In the records below, reproduce exactly the lines from the one containing "Vista laterale con" through the one containing "SØHOLM Sonja - champagne/cocktail", both included, and omit the pictures.

[Opening Extracted data section]

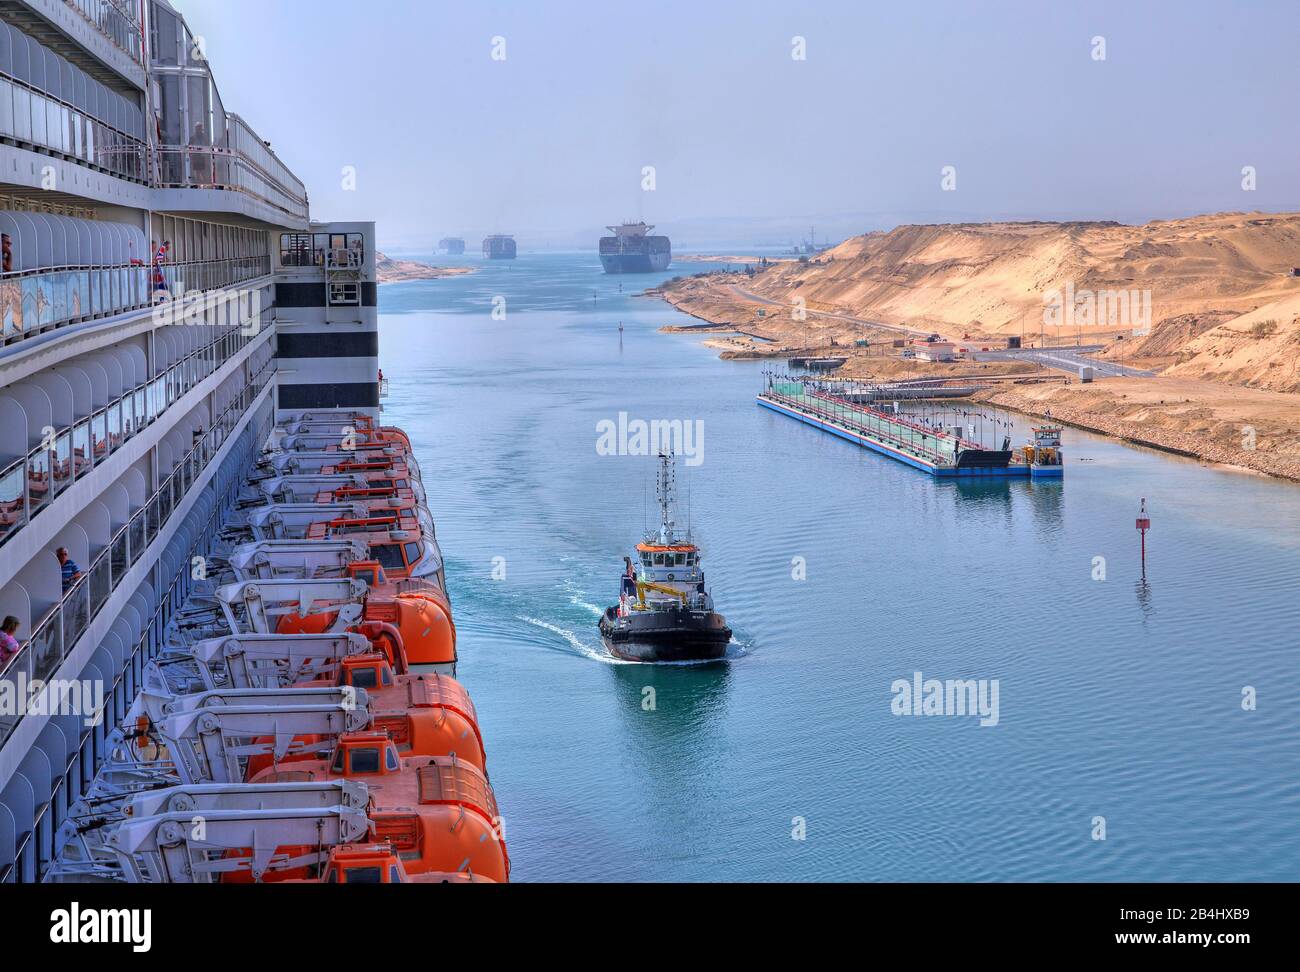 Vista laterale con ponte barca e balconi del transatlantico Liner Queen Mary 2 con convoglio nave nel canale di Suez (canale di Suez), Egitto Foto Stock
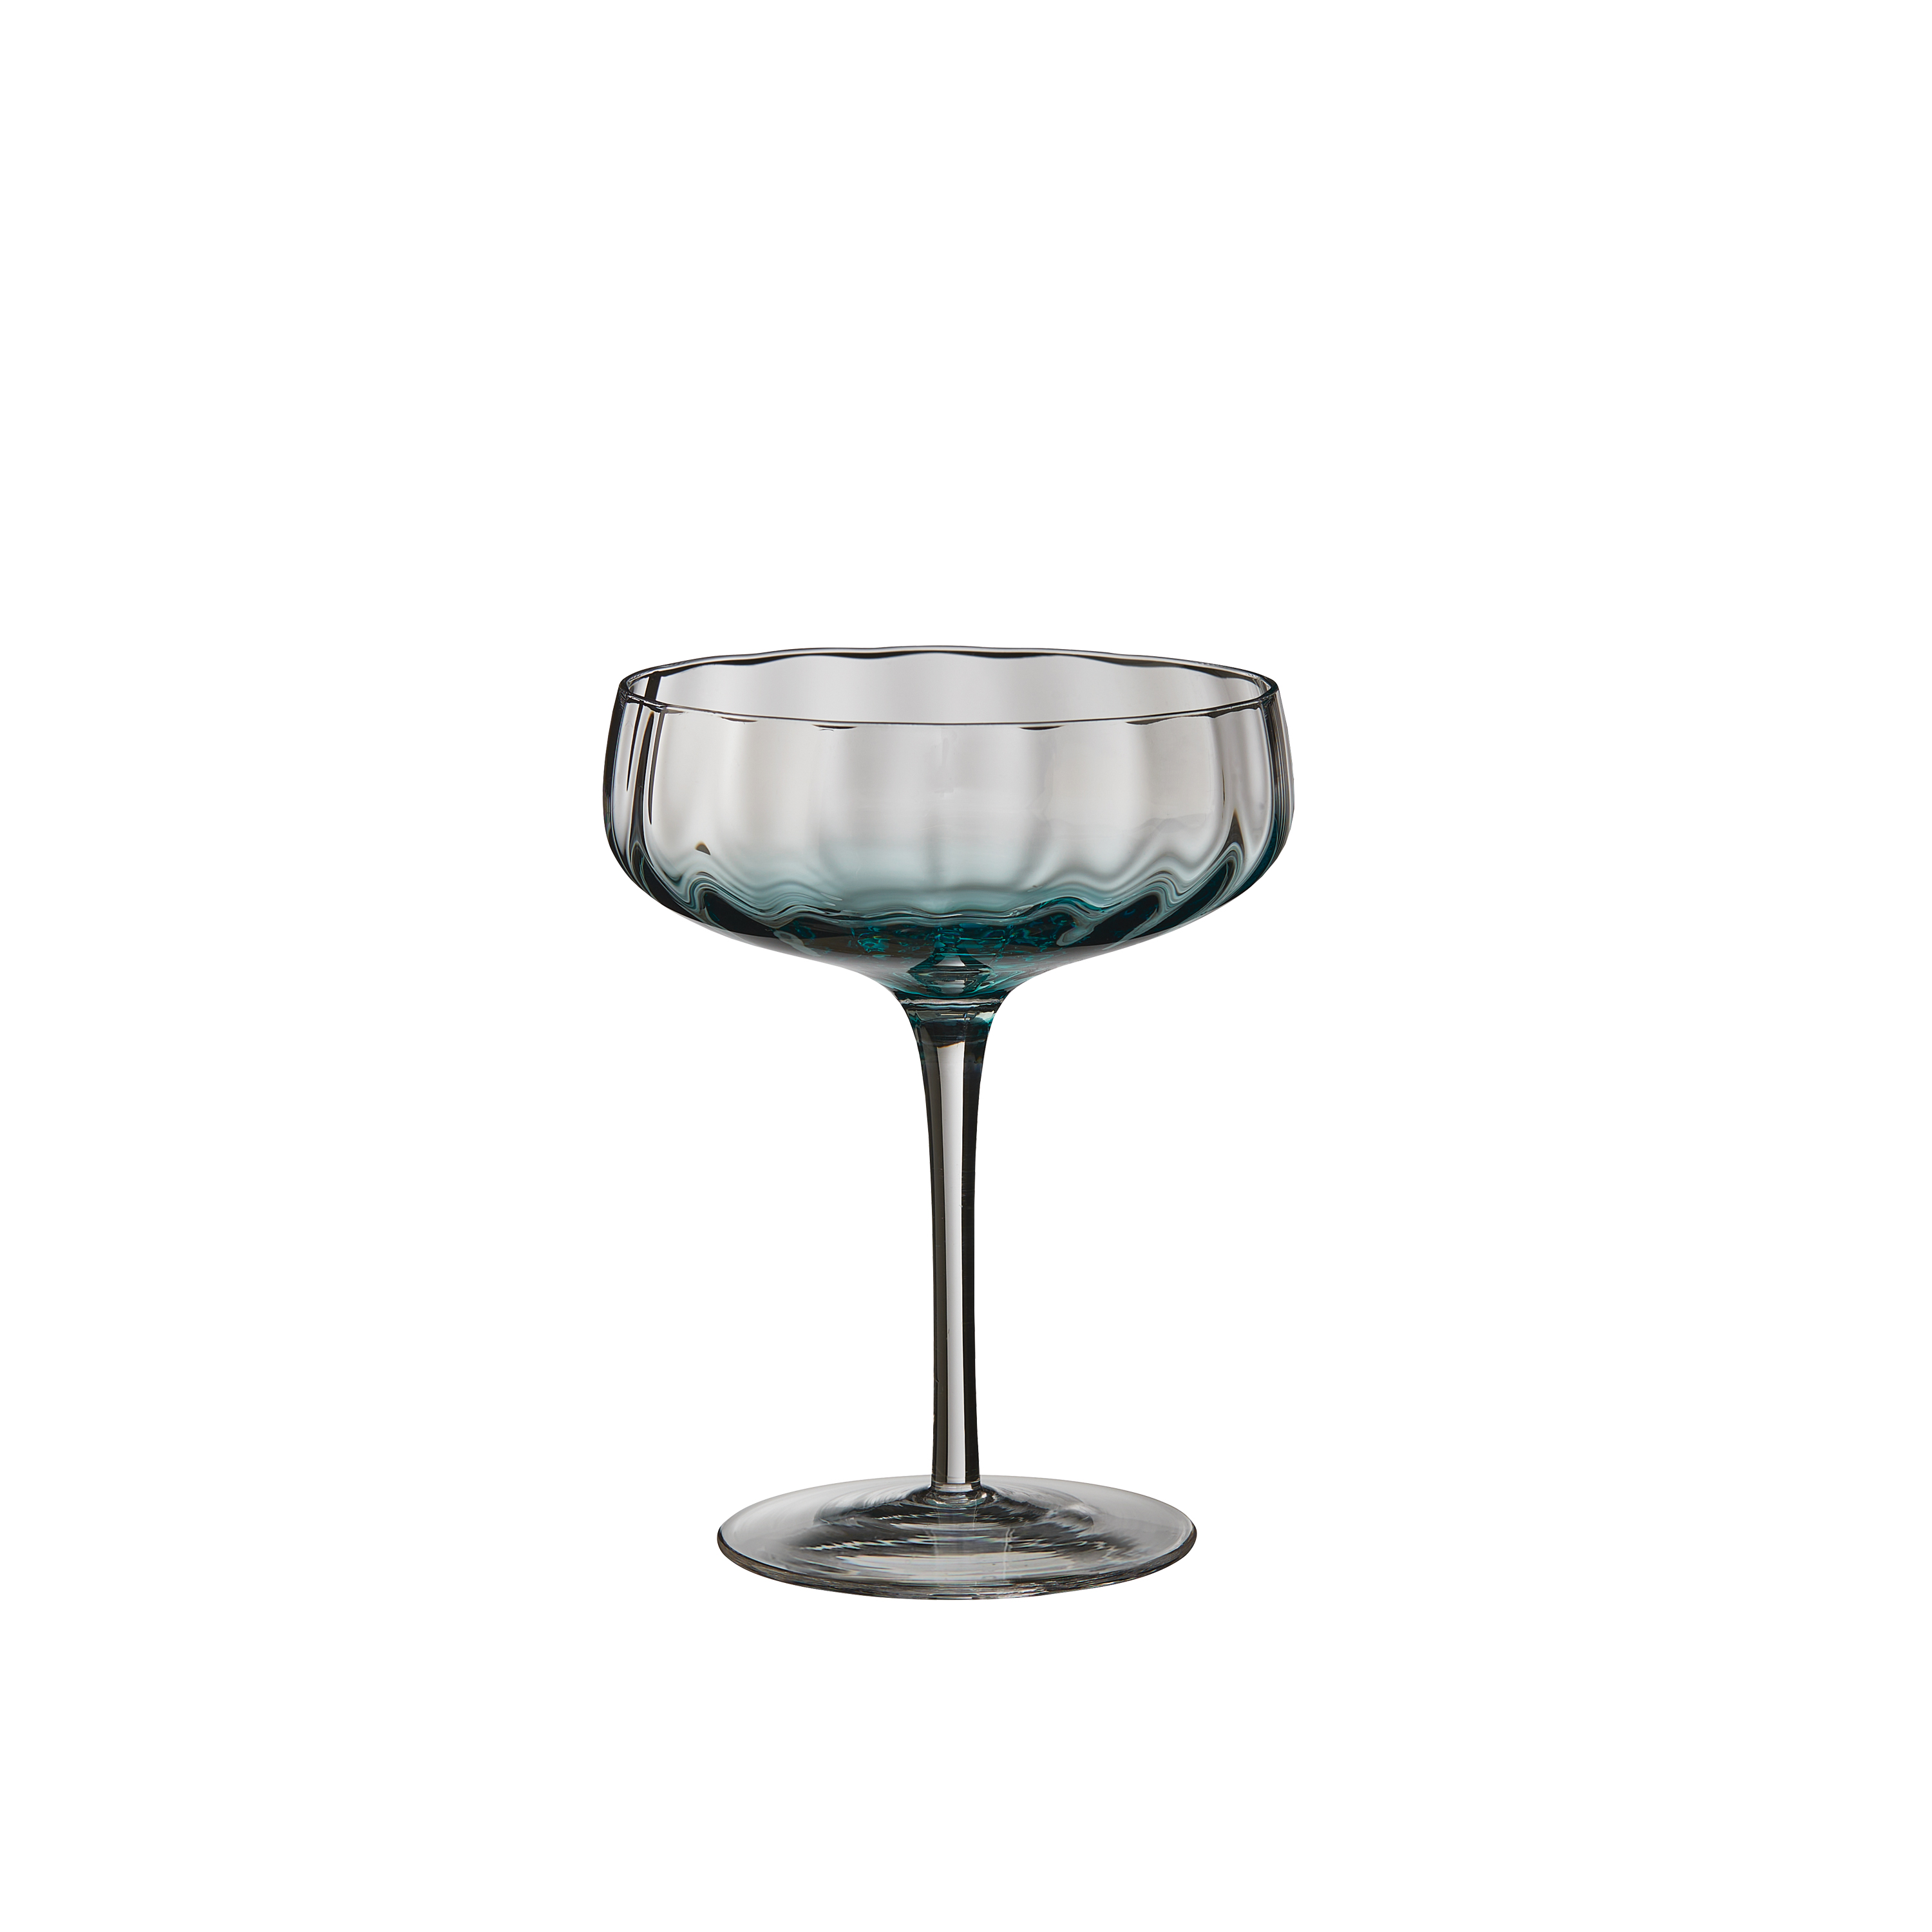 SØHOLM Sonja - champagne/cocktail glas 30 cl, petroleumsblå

[Closing Extracted data section]
[Opening Extracted data section]

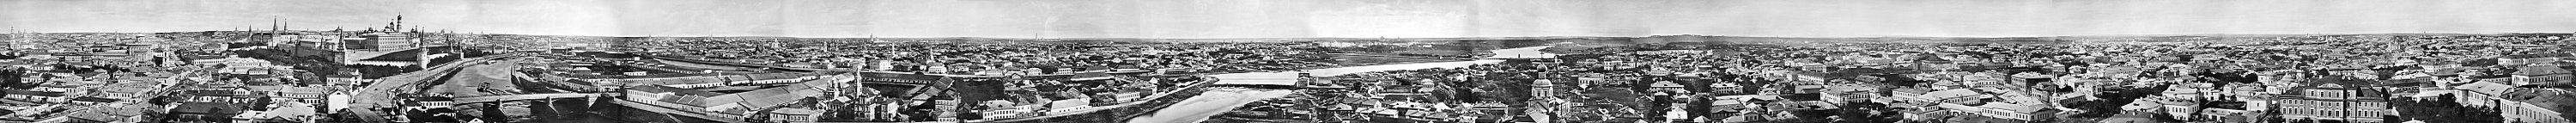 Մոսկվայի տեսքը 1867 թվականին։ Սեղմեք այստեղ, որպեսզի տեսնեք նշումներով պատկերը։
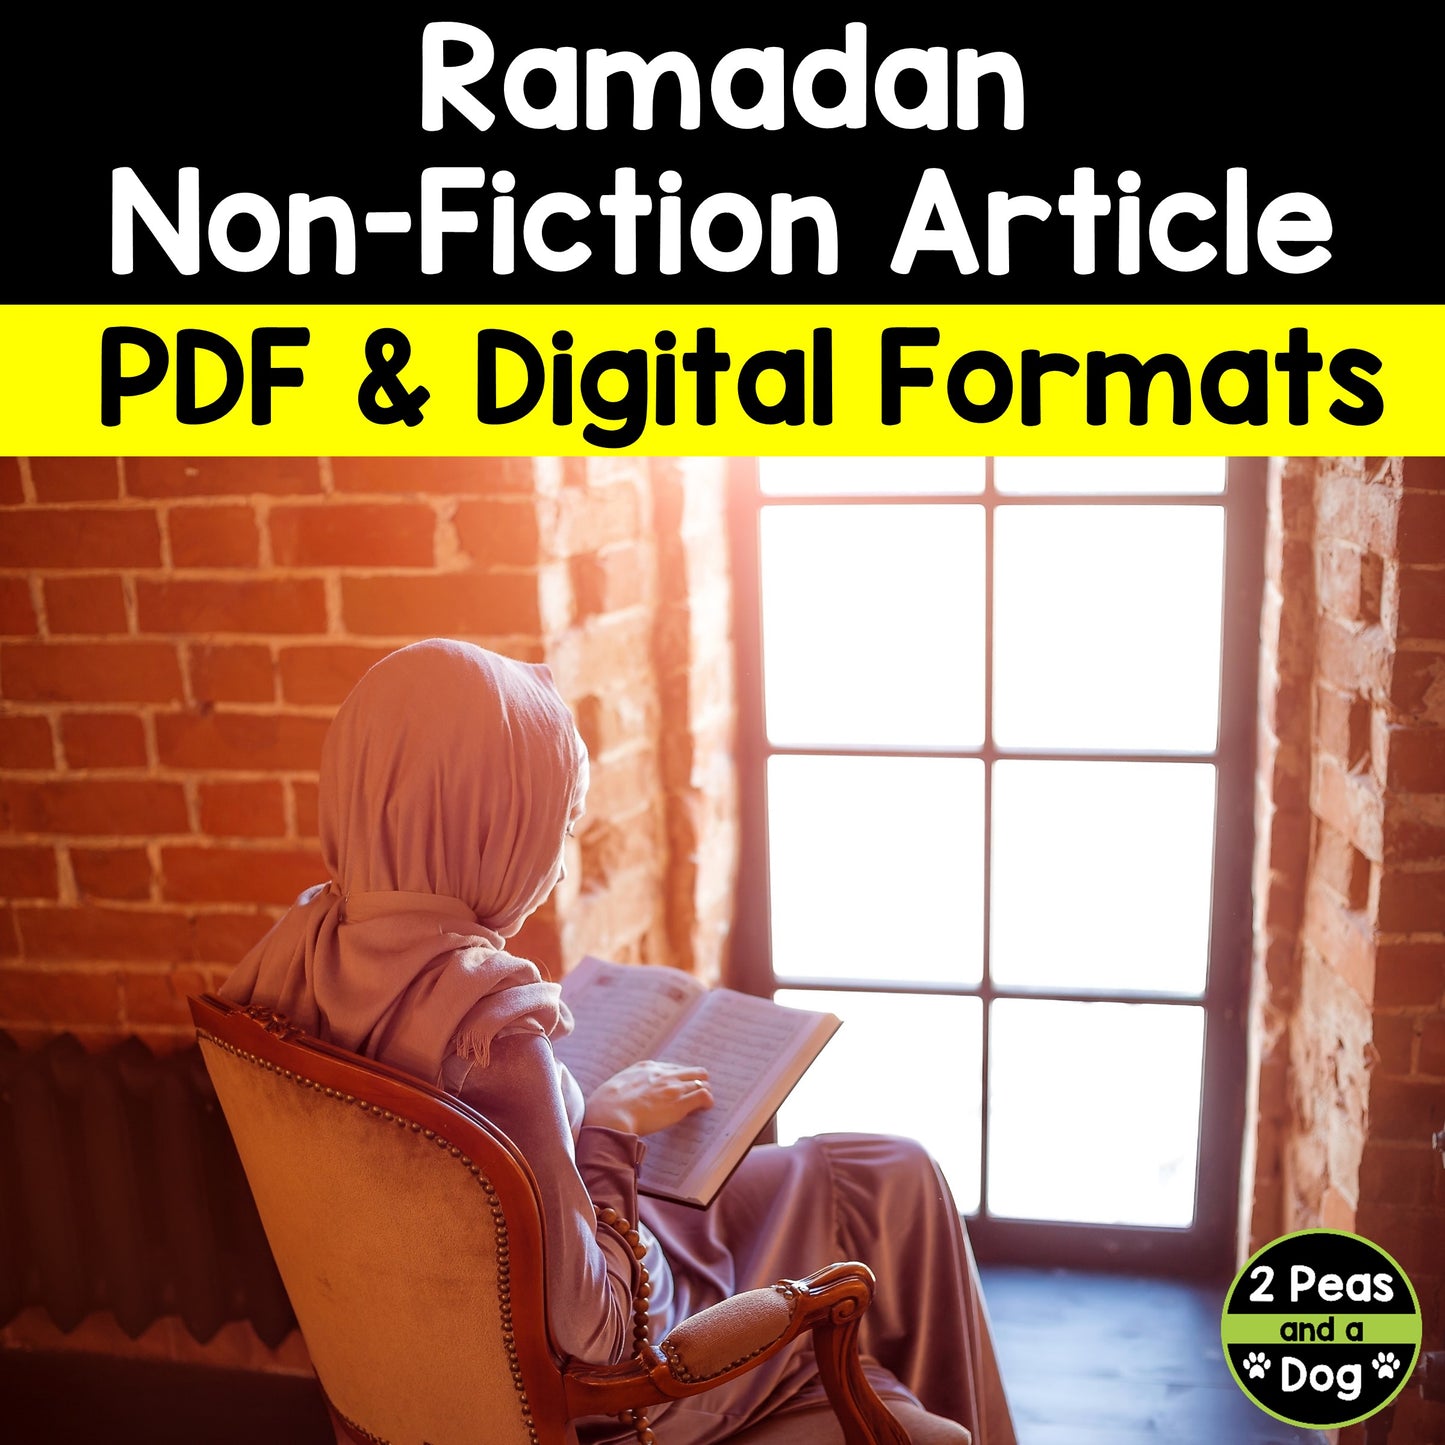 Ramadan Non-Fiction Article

[Closing Extracted data section]
[Opening Extracted data section]

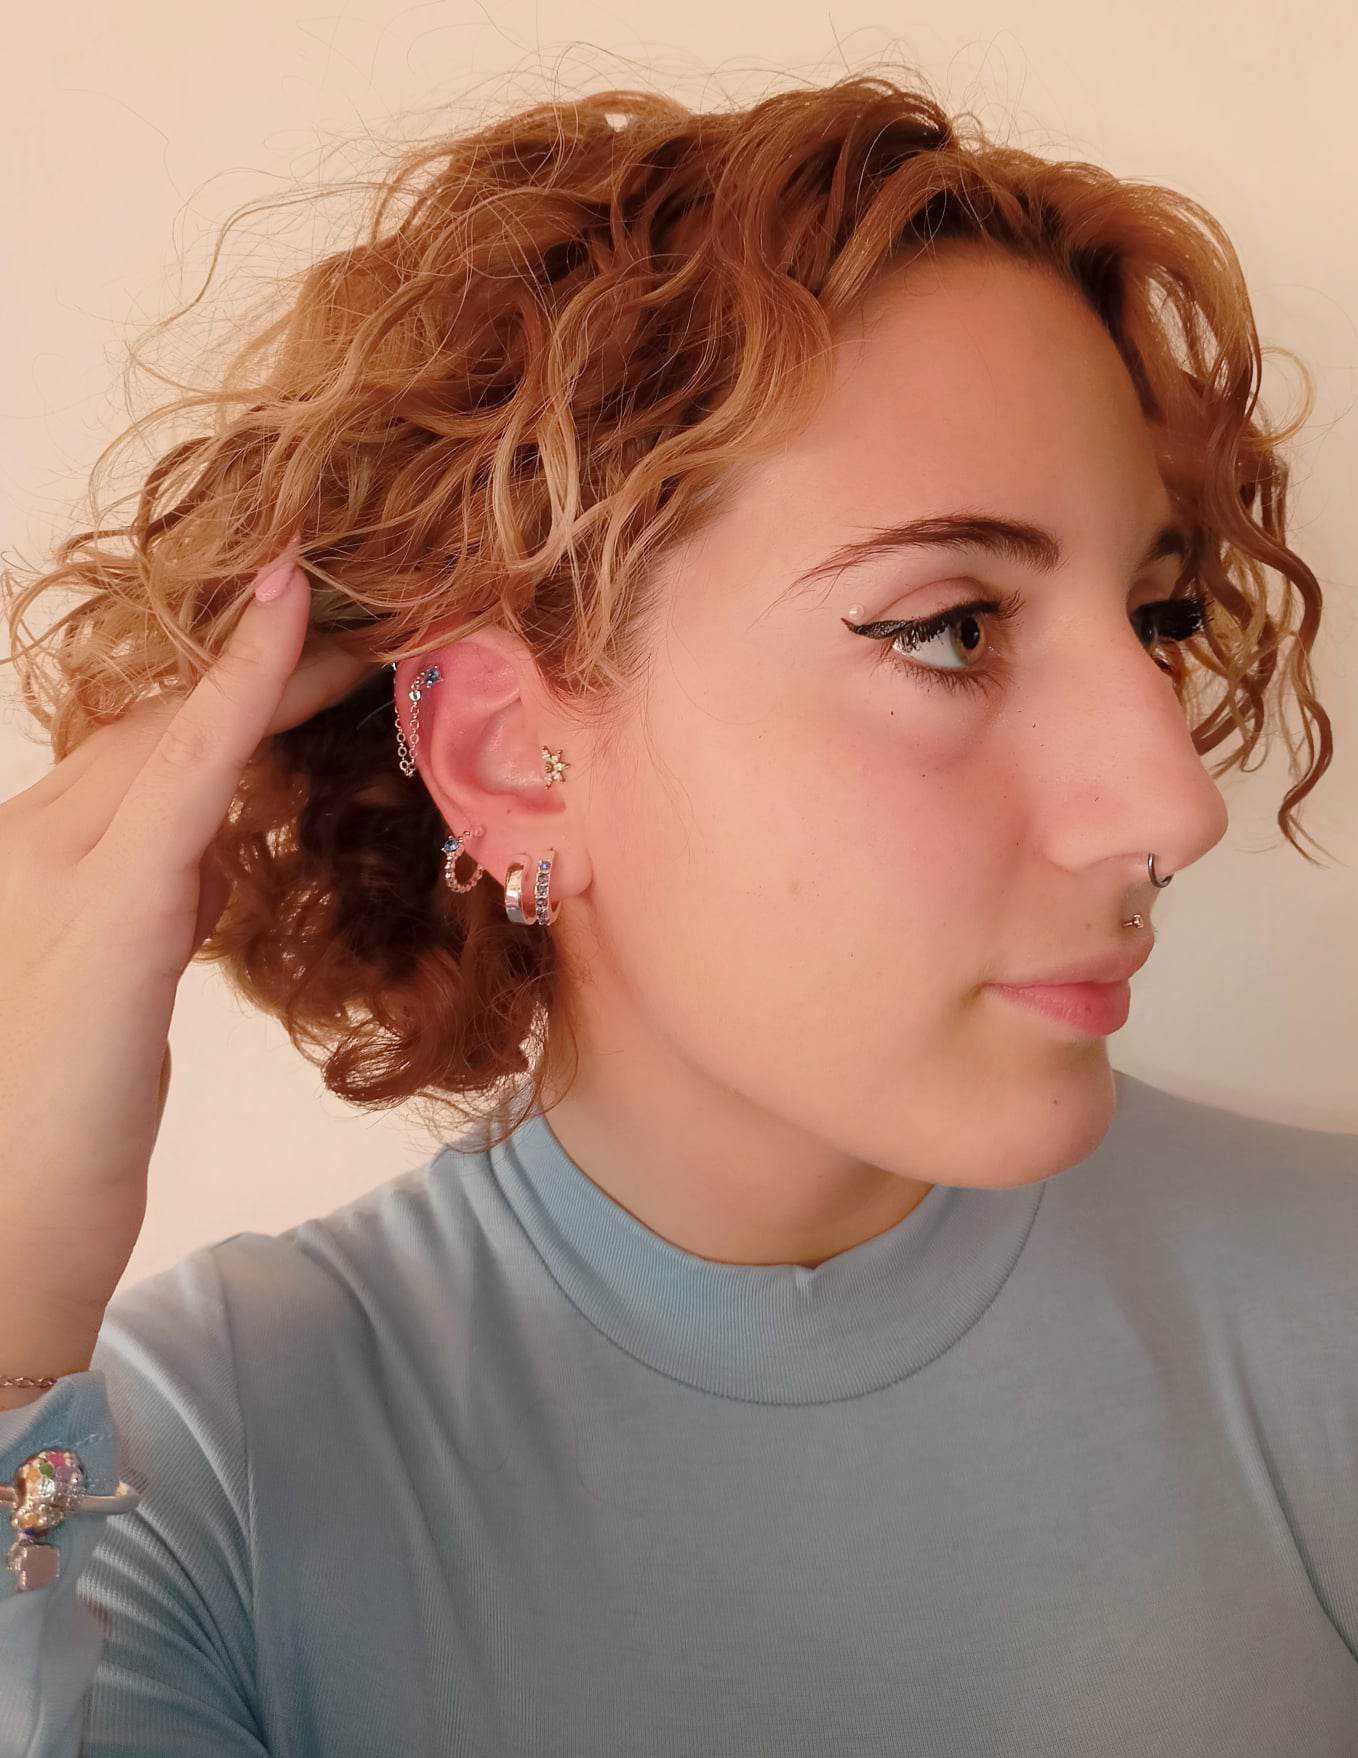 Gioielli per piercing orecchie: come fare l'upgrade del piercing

[Closing Extracted data section]

> _Output for this exercise_:
 Vista laterale con ponte barca e balconi del transatlantico Liner Queen Mary 2 con convoglio nave nel canale di Suez (canale di Suez), Egitto Foto Stock
 SØHOLM Sonja - champagne/cocktail glas 30 cl, petroleumsblå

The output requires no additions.